A tax treaty was signed on 18 May 1963 in Paris between France and the Principality of Monaco.

The main purpose of this agreement is to introduce a tax in the Principality on the profits made by certain companies in Monaco. This agreement also defines the tax regime applicable to individuals of French nationality who have transferred their residence to the Principality.

The stipulations of this agreement were specified by various exchanges of letters between 1963 and 2010.

The tax administration updated its comments published in the BOFiP on 2 June 2021. The previous comments had been reported on 12 September 2012, the date of opening to the public of the website bofip.impots.gouv.fr (BOFiP).

This update is an opportunity to recall the main taxation rules applicable to persons with interests in France and Monaco.

  • Main tax rules applicable to individuals 

The Principality of Monaco does not impose income tax on individuals domiciled in its territory.

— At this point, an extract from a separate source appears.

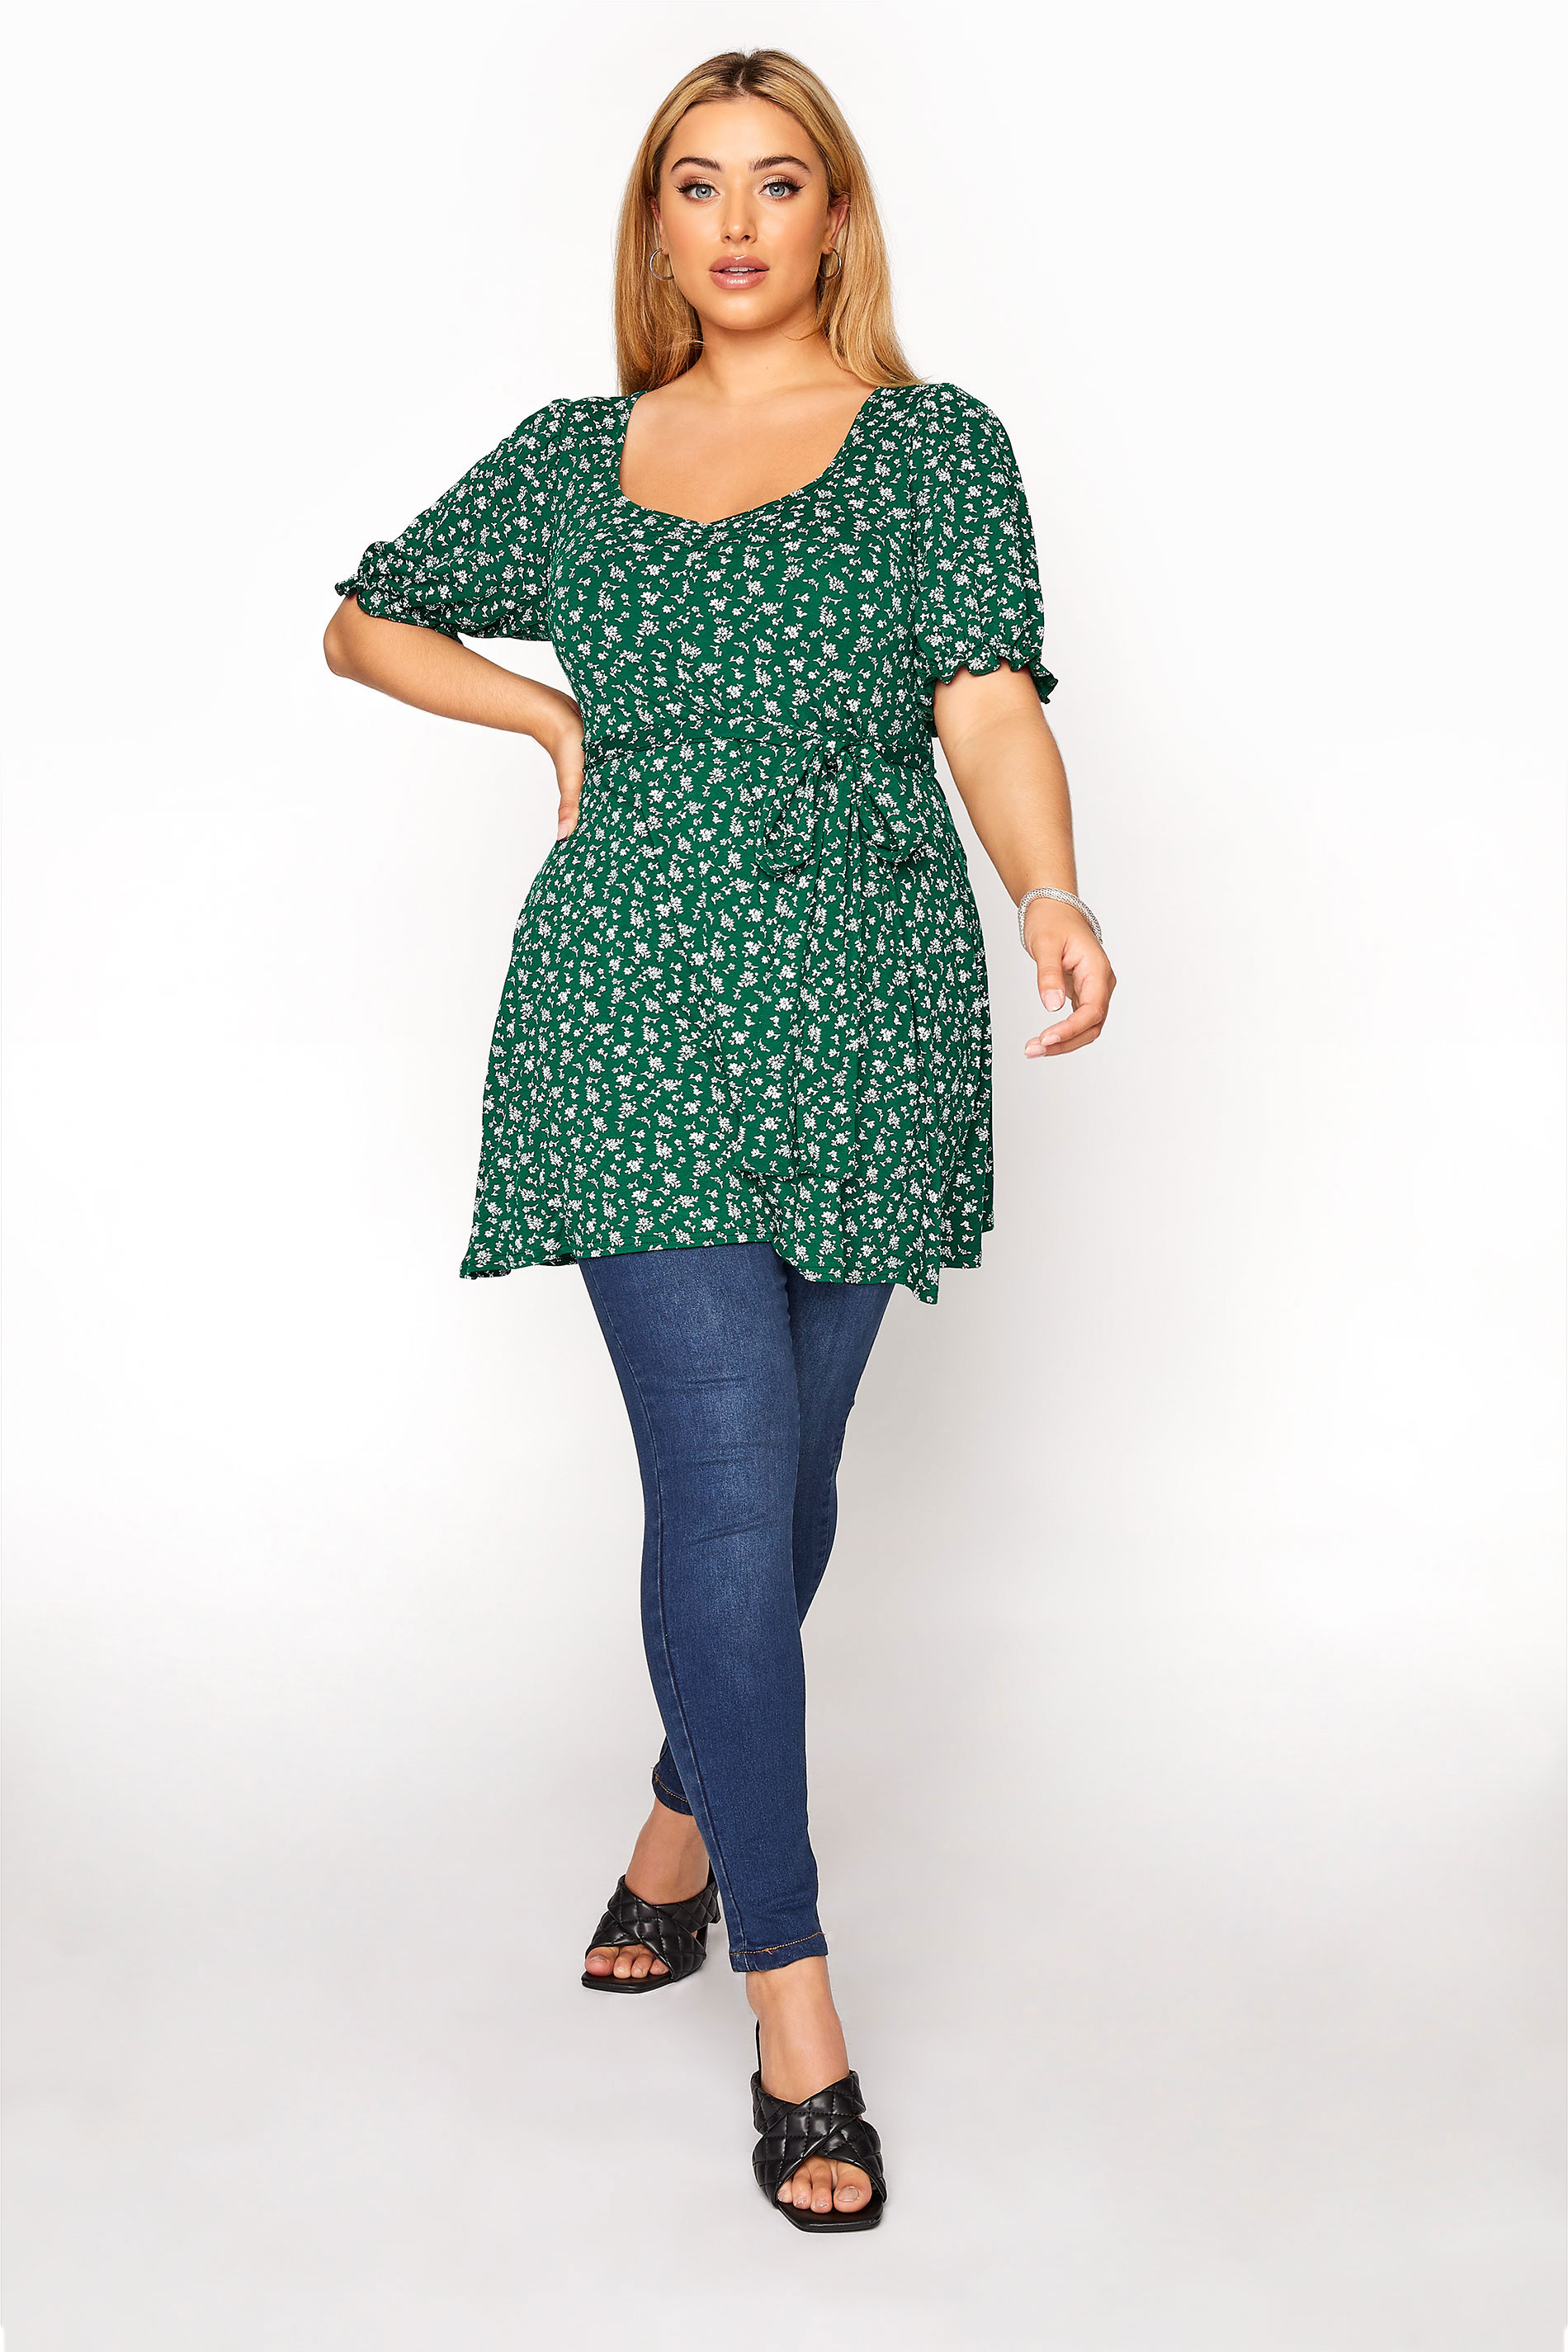 YOURS LONDON Green Ditsy Sweetheart Top

However, Article 7-1 of the tax treaty between France and the Principality of Monaco provides, under certain conditions, that French nationals domiciled in Monaco are subject to income tax in France on all their income, under the same conditions as if they were domiciled or resident in France.

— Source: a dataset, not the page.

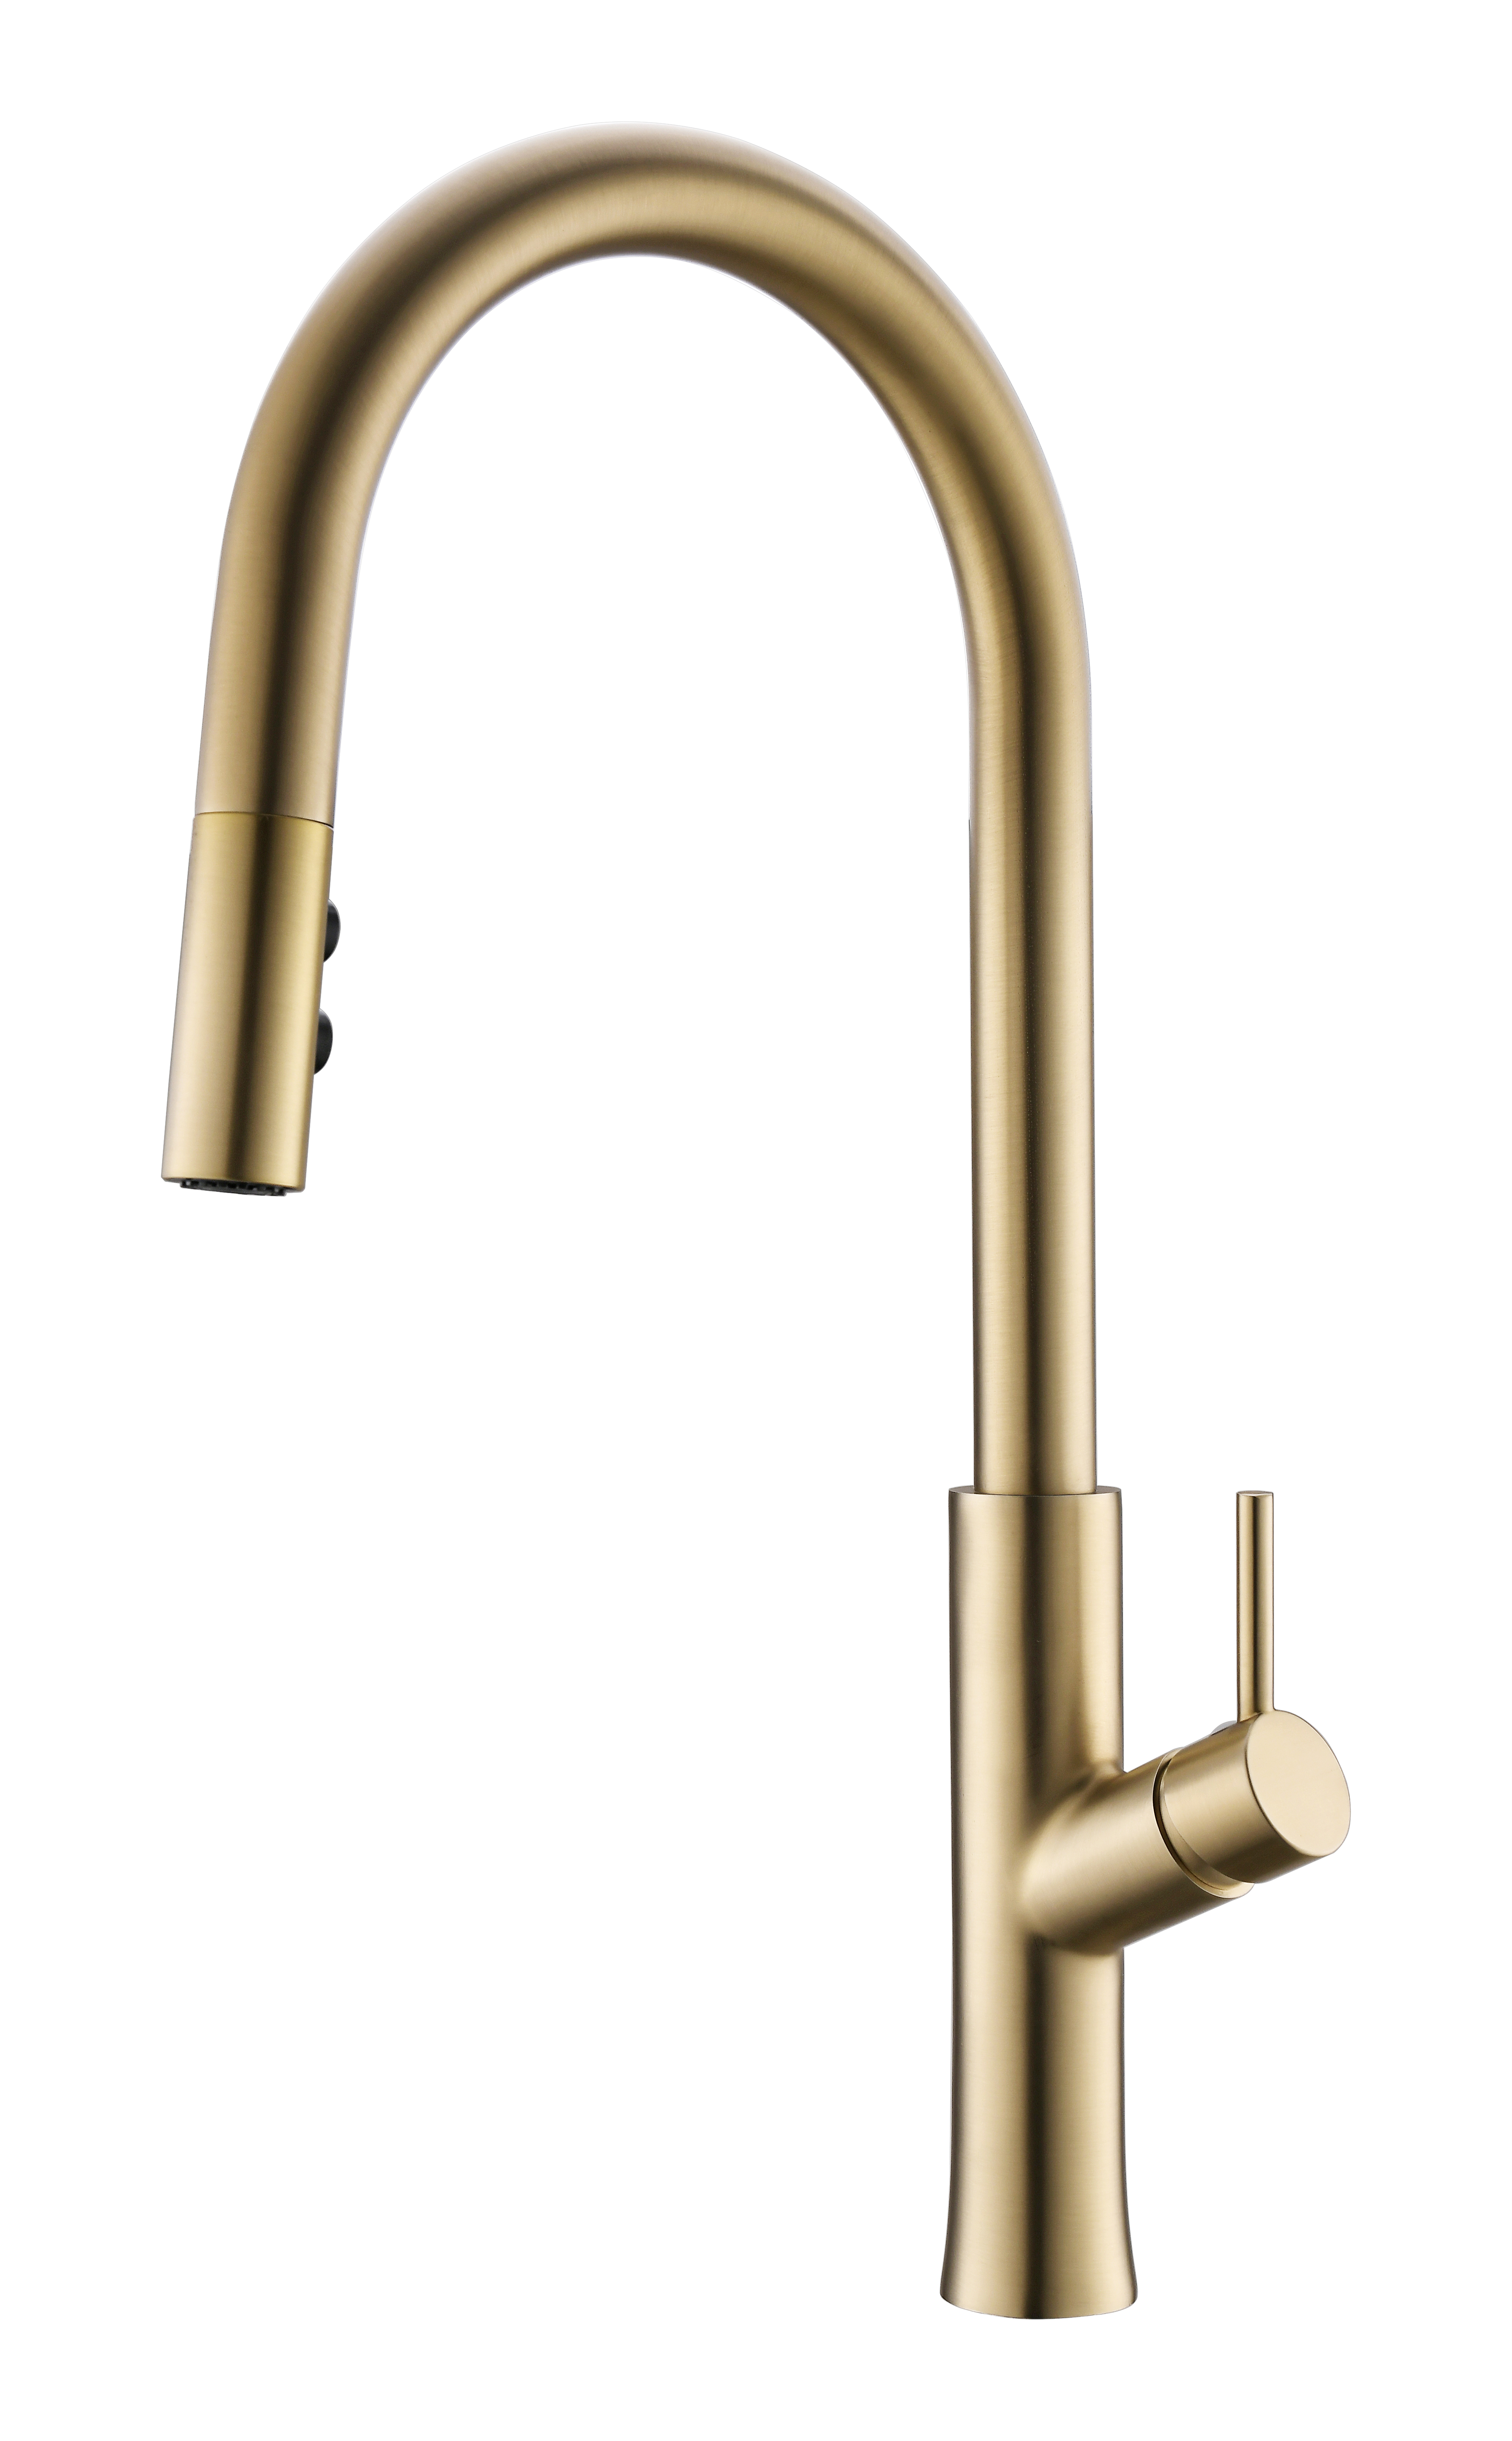 Cartridge Single Handle Brass Pull Down Kitchen Faucet with Sprayer

Article 7-3 of the Franco-Monegasque tax treaty provides that individuals of French nationality who have transferred their domicile or residence to Monaco as from 1st January 1989 are subject, as from 1st January 2002, to the solidarity tax on wealth, now known as the Impôt sur la Fortune Immobilière (“IFI”), in France under the same conditions as if they had their domicile or residence there. They are therefore taxed on all their assets that are included in the tax base, whether they are located in France or abroad, including in Monaco.

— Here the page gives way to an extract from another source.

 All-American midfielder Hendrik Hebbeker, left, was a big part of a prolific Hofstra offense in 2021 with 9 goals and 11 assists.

On the other hand, persons established in Monaco before 1 January 1989 are subject to the IFI only in respect of their assets located in France.

French nationals born in Monaco and having constantly maintained their residence there since their birth are also considered for IFI purposes as persons domiciled for tax purposes outside France, subject to the production of a certificate of domicile.

  • Main taxation rules applicable to companies

Article 1 of the Franco-Monegasque tax treaty introduced, as from 1 January 1963, a Tax on Profits (“ISB”) made by certain companies established in Monaco.

The scope of application of the ISB does not extend to all companies carrying out activities in the Principality. Only some of them, due to the nature of their activities, and under certain conditions, are subject to this tax.

In accordance with Article 2 of the Franco-Monegasque tax treaty, two categories of companies fall within the scope of the ISB:

  1. companies carrying out an industrial and commercial activity in Monaco and of which at least 25% of the turnover comes from operations carried out directly, or through intermediaries, outside the territory of the Principality; and/or
  2. companies whose activity in Monaco consists of receiving : (1) proceeds from the assignment or licensing of patents, trademarks, manufacturing processes or formulae; and (2) proceeds from literary or artistic property rights.

The tax treaty also contains specific tax base rules applicable to companies established in France or in the Principality of Monaco in respect of certain payments made to beneficiaries established or resident in the other State. Certain expenses are only deductible from taxable profits if the conditions set out in Articles 3 and 4 of the tax treaty are met. These articles have in particular introduced (1) a ceiling on certain deductible remuneration and (2) specific deductibility rules applicable to certain payments (not having the character of salaries) made to persons resident or established in Monaco by way of fees, royalties, brokerage and commissions.

Finally, subject to the provisions of Articles 3, 4 and 8 of the Franco-Monegasque tax treaty, the ISB is established and collected in Monaco under the same conditions as French corporation tax.